What the task asks >> Tally the lines below that contain the word "will", then give the tally alone.

[[ Dataset content, beginning ]]

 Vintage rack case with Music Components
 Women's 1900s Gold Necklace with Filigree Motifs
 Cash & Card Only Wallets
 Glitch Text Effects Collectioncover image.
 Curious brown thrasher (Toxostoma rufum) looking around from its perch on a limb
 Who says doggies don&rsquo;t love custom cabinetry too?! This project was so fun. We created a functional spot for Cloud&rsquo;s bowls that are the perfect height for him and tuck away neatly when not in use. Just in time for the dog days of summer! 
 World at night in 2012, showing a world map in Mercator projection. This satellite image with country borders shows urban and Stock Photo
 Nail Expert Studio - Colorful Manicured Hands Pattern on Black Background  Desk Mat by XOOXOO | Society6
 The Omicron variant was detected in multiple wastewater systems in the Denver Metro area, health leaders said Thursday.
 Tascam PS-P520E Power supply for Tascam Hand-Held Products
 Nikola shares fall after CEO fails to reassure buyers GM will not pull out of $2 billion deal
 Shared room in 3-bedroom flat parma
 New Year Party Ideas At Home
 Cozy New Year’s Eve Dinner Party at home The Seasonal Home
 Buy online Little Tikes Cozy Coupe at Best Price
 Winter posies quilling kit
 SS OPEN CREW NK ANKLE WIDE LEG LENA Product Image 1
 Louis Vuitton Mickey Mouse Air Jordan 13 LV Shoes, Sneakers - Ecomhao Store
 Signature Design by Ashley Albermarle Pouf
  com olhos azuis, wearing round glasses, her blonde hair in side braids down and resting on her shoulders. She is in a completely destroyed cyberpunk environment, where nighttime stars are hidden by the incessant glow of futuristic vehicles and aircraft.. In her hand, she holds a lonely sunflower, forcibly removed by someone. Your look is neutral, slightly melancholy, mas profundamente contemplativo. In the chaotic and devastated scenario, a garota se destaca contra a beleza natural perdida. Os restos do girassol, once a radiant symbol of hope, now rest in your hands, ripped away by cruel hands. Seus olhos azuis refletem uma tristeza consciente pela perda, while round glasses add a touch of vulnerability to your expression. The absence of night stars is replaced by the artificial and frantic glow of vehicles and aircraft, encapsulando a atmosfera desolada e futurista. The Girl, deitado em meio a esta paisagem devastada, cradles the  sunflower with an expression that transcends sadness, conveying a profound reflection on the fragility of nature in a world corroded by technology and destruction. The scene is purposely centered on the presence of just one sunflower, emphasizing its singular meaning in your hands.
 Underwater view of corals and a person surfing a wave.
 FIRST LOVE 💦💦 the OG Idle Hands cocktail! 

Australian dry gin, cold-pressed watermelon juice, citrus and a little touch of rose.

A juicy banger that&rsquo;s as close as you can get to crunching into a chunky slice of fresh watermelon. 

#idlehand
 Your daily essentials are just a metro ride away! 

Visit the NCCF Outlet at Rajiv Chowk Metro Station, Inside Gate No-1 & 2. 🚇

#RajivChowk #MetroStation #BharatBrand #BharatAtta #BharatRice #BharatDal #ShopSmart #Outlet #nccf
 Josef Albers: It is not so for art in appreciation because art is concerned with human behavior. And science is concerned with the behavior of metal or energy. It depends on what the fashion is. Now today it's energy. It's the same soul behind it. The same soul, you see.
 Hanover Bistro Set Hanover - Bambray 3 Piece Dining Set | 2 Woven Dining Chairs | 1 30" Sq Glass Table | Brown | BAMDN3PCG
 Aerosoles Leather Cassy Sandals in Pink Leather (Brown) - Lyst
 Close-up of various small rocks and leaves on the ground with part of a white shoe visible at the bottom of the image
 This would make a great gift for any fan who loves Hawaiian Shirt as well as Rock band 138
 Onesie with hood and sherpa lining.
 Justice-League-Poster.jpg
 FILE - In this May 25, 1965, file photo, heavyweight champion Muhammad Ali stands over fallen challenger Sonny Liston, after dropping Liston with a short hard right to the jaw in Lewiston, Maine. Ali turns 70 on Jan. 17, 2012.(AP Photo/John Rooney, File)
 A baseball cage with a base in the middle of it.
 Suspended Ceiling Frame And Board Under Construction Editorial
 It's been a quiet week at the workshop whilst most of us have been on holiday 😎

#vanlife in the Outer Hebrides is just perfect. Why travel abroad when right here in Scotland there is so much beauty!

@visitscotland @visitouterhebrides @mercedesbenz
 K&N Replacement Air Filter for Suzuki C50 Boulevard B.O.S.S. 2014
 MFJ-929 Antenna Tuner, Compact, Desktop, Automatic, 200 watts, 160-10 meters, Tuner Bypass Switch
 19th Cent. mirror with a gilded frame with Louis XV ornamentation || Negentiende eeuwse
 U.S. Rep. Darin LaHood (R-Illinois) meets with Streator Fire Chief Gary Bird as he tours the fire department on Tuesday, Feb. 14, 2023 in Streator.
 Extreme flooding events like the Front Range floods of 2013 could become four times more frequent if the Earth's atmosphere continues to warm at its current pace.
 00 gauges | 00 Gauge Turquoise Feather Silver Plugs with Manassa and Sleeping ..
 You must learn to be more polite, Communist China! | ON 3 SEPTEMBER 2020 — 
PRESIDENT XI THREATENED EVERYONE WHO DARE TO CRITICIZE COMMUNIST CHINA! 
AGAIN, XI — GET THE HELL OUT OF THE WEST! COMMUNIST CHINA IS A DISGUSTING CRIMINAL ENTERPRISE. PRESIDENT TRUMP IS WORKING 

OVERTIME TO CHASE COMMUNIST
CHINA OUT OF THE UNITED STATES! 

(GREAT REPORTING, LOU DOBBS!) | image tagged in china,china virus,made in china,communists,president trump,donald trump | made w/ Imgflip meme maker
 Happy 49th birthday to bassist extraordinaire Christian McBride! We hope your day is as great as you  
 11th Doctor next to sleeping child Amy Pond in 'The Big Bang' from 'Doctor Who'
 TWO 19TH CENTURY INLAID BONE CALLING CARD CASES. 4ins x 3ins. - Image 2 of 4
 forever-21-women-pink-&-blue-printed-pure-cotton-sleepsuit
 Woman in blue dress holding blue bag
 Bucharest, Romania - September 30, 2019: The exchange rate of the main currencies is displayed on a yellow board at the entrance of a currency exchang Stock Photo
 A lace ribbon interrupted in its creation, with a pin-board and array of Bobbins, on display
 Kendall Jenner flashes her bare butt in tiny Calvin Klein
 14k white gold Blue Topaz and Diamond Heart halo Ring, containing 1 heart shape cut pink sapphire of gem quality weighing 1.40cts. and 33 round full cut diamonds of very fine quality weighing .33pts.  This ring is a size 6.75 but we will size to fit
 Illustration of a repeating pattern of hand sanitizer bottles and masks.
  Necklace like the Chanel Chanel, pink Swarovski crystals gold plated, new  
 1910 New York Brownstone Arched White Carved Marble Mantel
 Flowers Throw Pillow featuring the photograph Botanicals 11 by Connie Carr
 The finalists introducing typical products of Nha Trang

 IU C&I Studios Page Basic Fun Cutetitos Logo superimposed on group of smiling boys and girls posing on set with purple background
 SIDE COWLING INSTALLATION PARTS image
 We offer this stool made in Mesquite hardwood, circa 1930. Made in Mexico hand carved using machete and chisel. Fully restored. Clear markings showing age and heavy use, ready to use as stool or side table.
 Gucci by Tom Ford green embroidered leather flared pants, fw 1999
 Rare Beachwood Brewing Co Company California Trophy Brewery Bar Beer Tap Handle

[[ Dataset content, end ]]

Output of the task >> 2